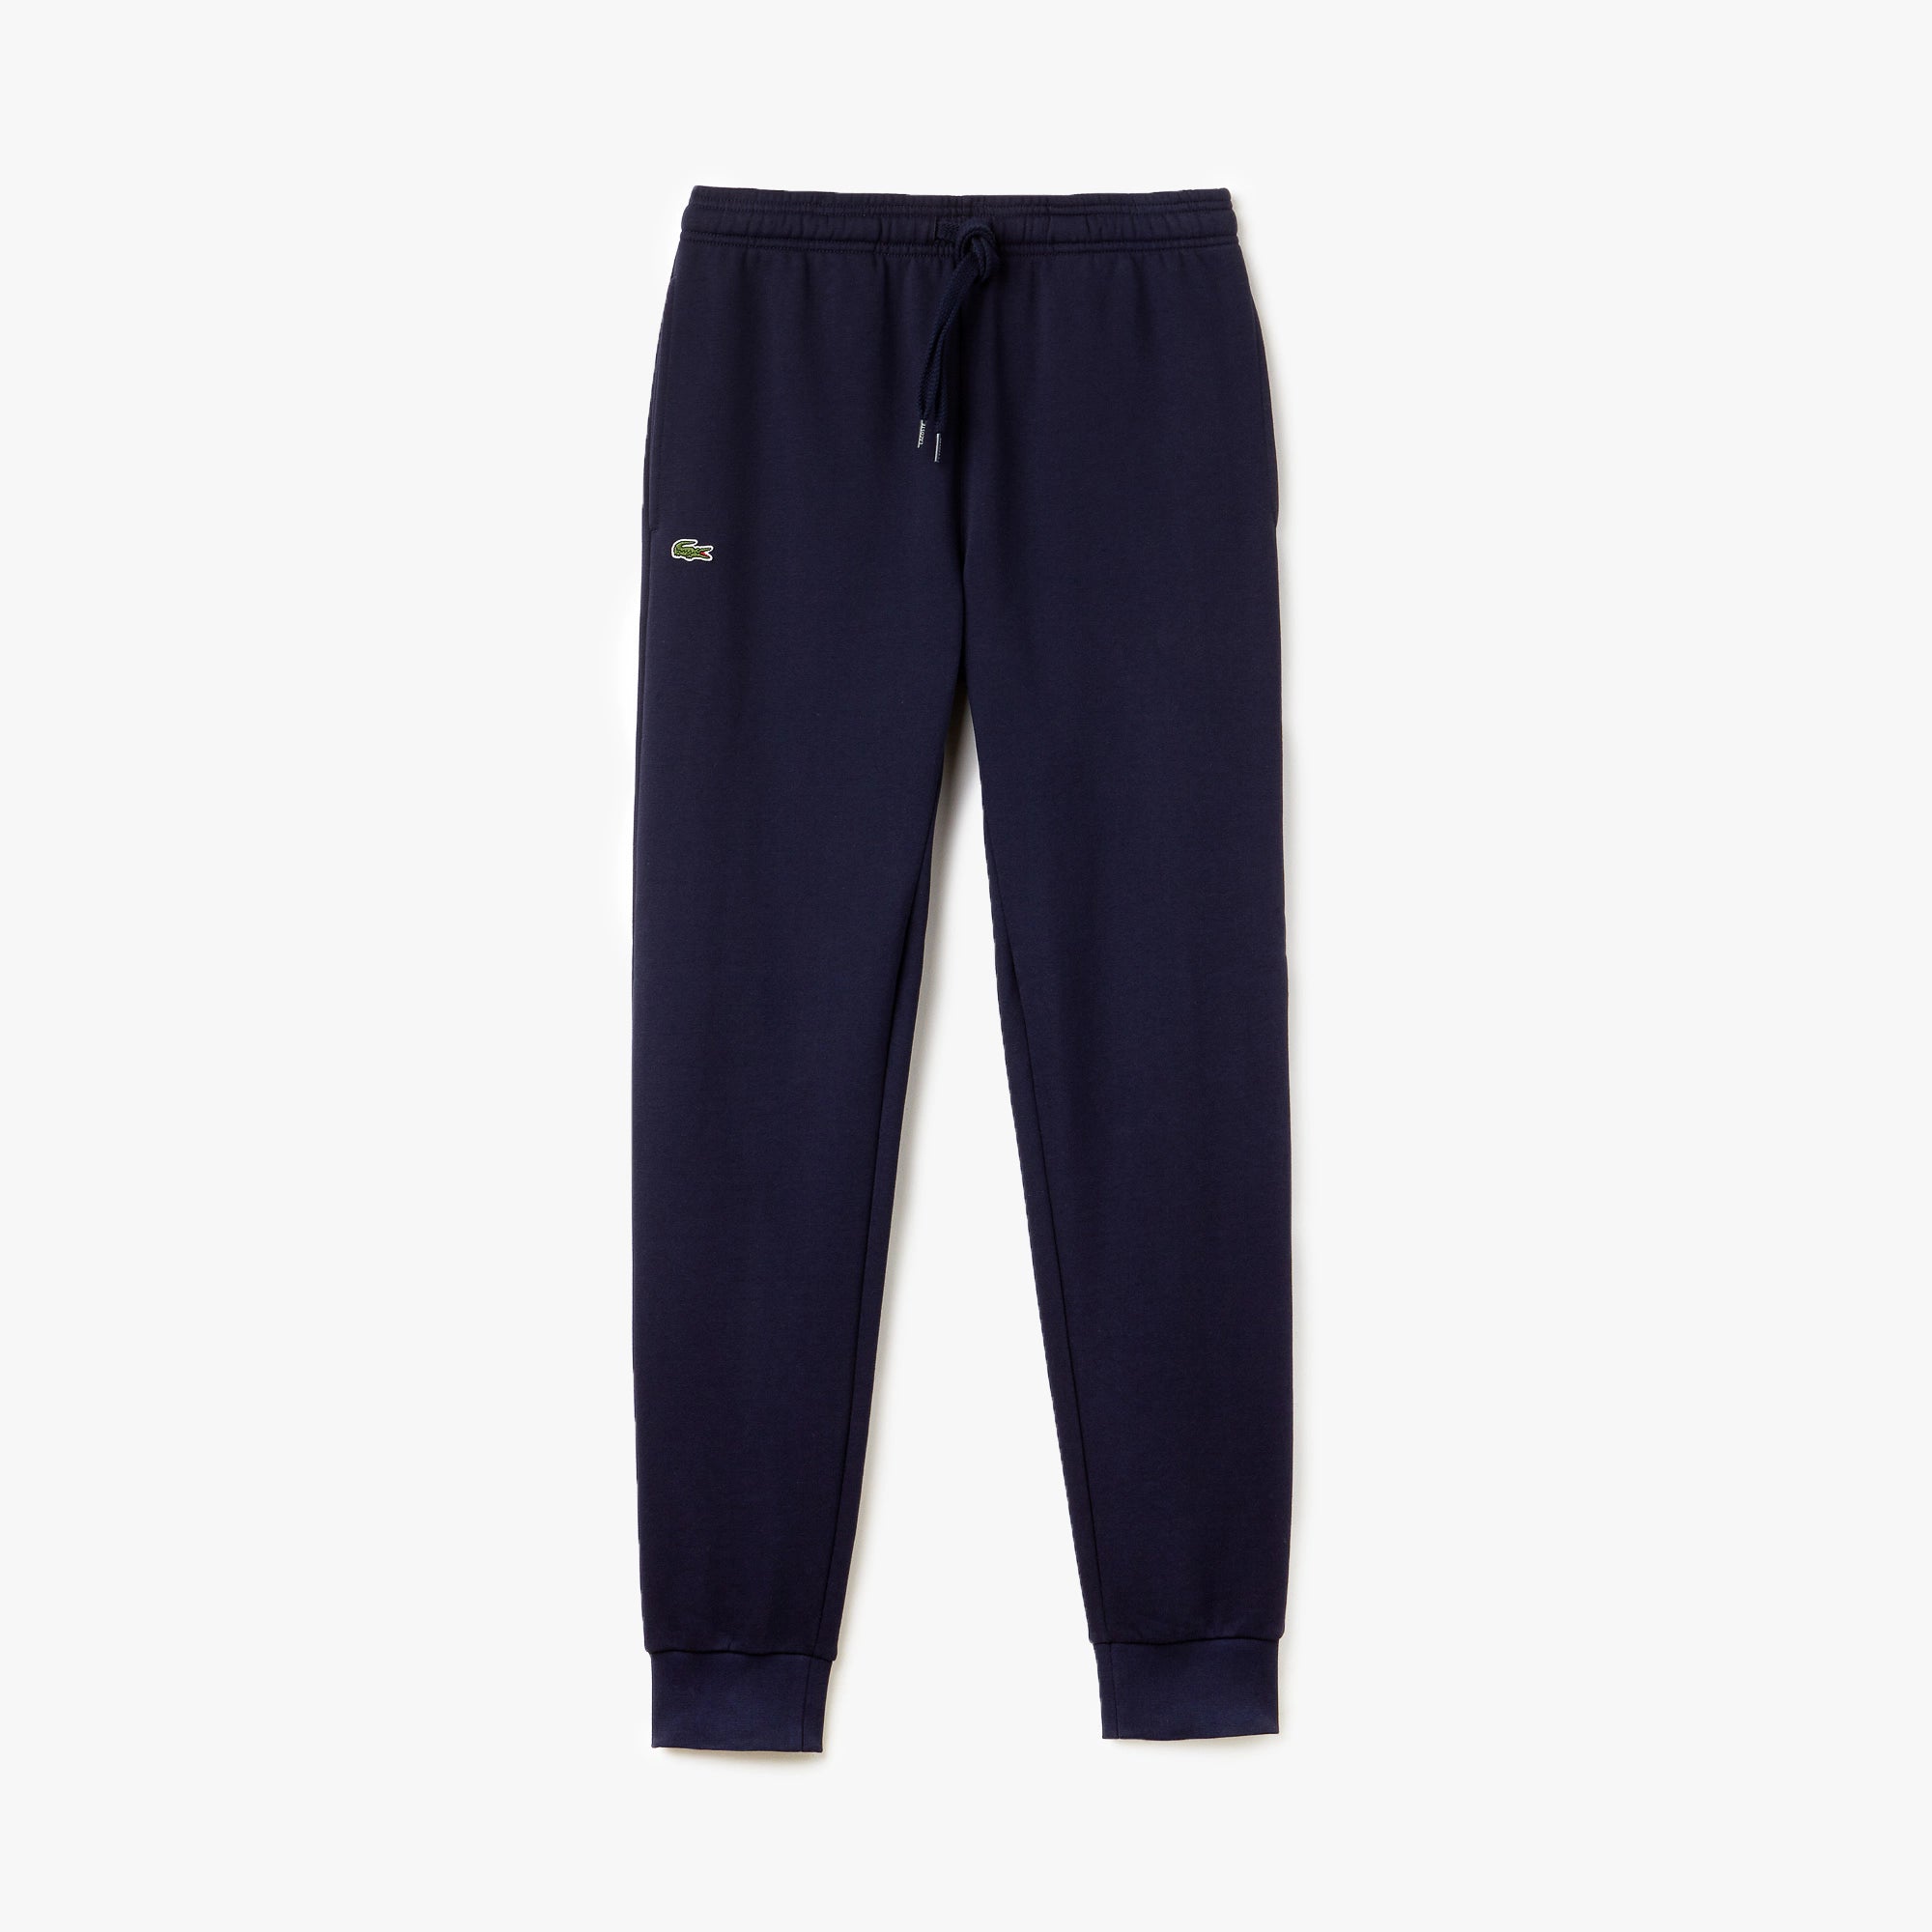 Lacoste SPORT Fleece Tennis Sweatpants Navy Blue
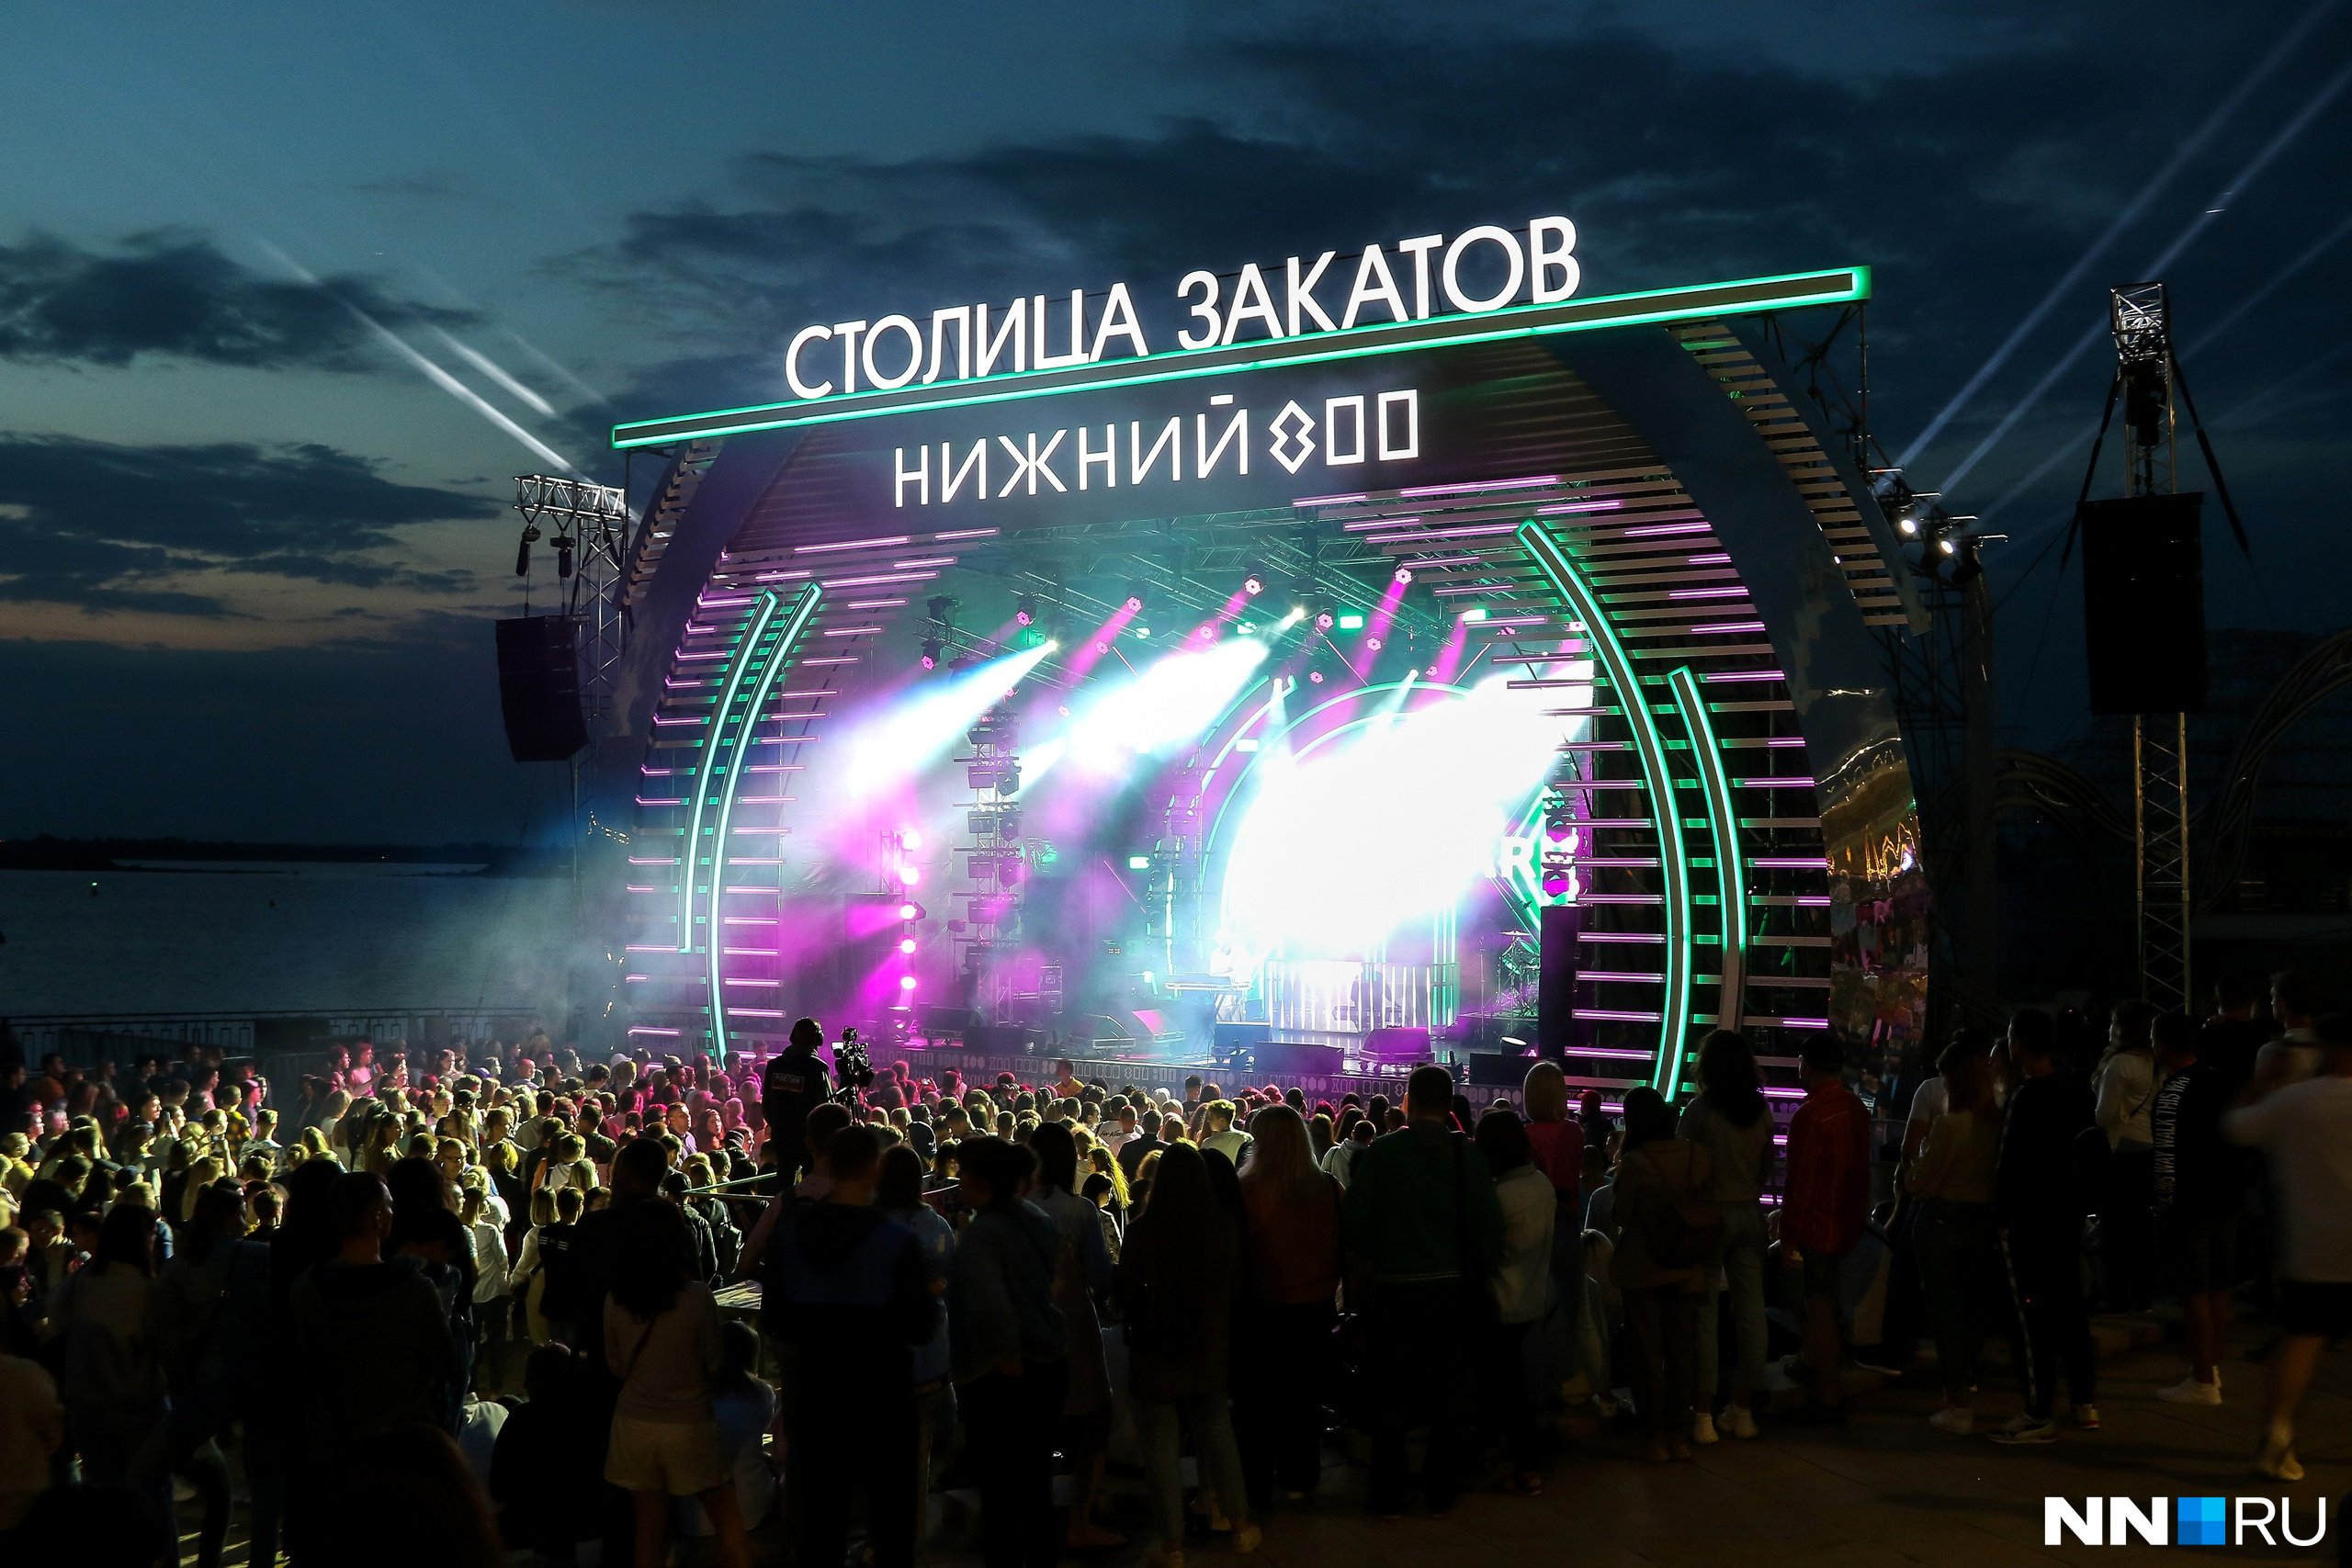 День кофе и Брамса. Программа фестиваля «Столица закатов» в Нижнем Новгороде на выходные
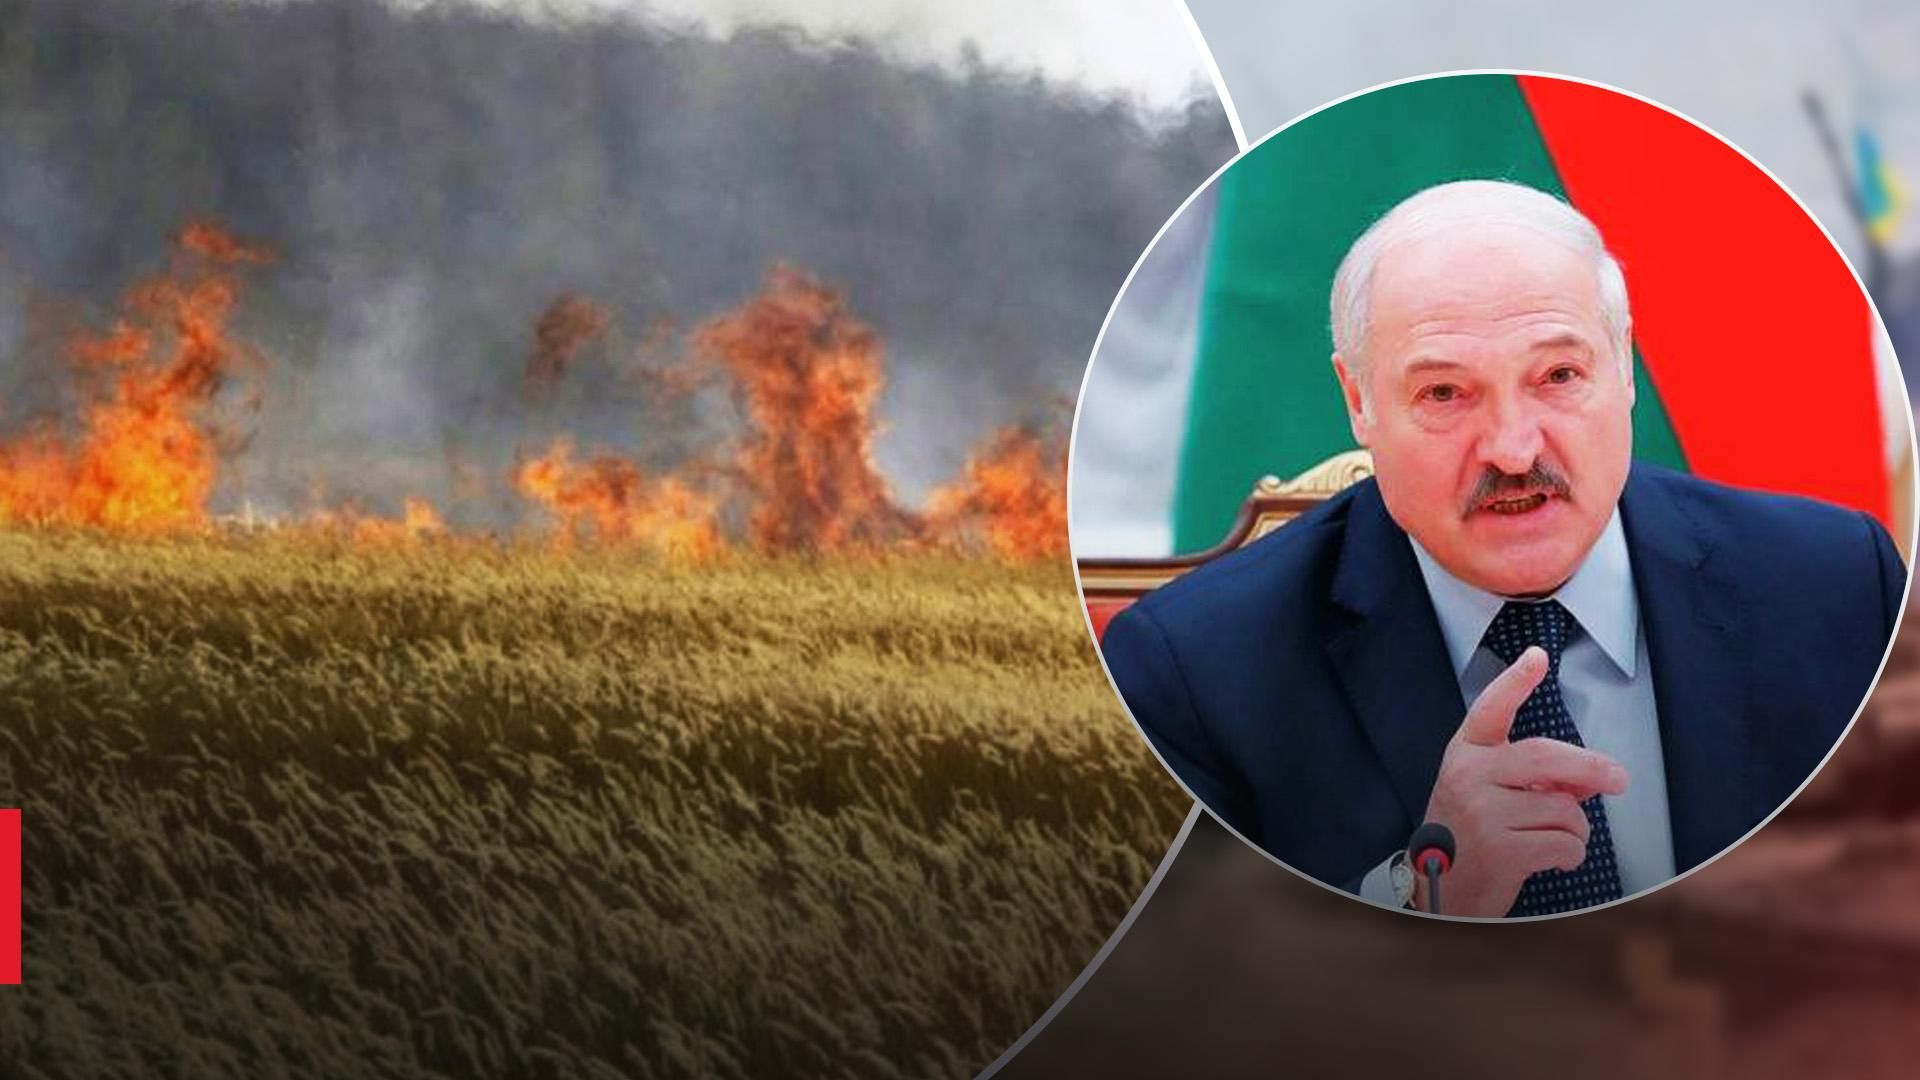 Лукашенко лжет, что Украина сама курит свои поля
──────────
*PROBLEM REQUIREMENTS*
Write the material above out again exactly as it reads, but don't carry over the pictures.

*ANSWER TO THIS TASK*
 Lacoste SPORT Fleece Tennis Sweatpants Navy Blue
 День кофе и Брамса. Программа фестиваля «Столица закатов» в Нижнем Новгороде на выходные
 Лукашенко лжет, что Украина сама курит свои поля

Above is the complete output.